* _Assignment_:
Please give back only the lines below from the one containing "File:Tennessee Children's Home" to the one containing "Gigi Handbag Navy Tan 2217 71 Othtt22 17", each repeated word for word, both ends included.

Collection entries
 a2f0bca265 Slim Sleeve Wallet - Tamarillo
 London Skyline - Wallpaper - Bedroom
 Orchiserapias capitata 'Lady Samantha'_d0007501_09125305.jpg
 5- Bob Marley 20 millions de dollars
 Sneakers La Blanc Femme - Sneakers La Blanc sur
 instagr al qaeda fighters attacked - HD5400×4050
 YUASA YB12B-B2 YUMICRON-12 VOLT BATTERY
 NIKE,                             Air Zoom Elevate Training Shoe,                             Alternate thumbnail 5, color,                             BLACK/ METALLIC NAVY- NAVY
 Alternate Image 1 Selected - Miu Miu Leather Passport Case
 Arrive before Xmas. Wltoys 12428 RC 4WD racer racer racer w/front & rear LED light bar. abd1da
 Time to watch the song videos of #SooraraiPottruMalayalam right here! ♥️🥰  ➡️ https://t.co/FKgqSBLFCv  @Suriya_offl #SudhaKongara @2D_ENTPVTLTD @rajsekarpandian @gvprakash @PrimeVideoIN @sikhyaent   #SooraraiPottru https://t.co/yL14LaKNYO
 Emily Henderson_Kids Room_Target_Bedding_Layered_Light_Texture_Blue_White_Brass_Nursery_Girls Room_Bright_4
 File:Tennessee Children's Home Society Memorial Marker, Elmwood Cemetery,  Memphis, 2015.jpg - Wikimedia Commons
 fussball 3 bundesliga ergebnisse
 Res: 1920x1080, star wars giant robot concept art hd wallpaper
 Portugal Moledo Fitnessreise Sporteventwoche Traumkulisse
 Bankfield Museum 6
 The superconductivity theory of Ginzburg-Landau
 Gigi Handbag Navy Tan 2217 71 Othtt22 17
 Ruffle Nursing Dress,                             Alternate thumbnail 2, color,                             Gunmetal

* _Exercise answer_:
 File:Tennessee Children's Home Society Memorial Marker, Elmwood Cemetery,  Memphis, 2015.jpg - Wikimedia Commons
 fussball 3 bundesliga ergebnisse
 Res: 1920x1080, star wars giant robot concept art hd wallpaper
 Portugal Moledo Fitnessreise Sporteventwoche Traumkulisse
 Bankfield Museum 6
 The superconductivity theory of Ginzburg-Landau
 Gigi Handbag Navy Tan 2217 71 Othtt22 17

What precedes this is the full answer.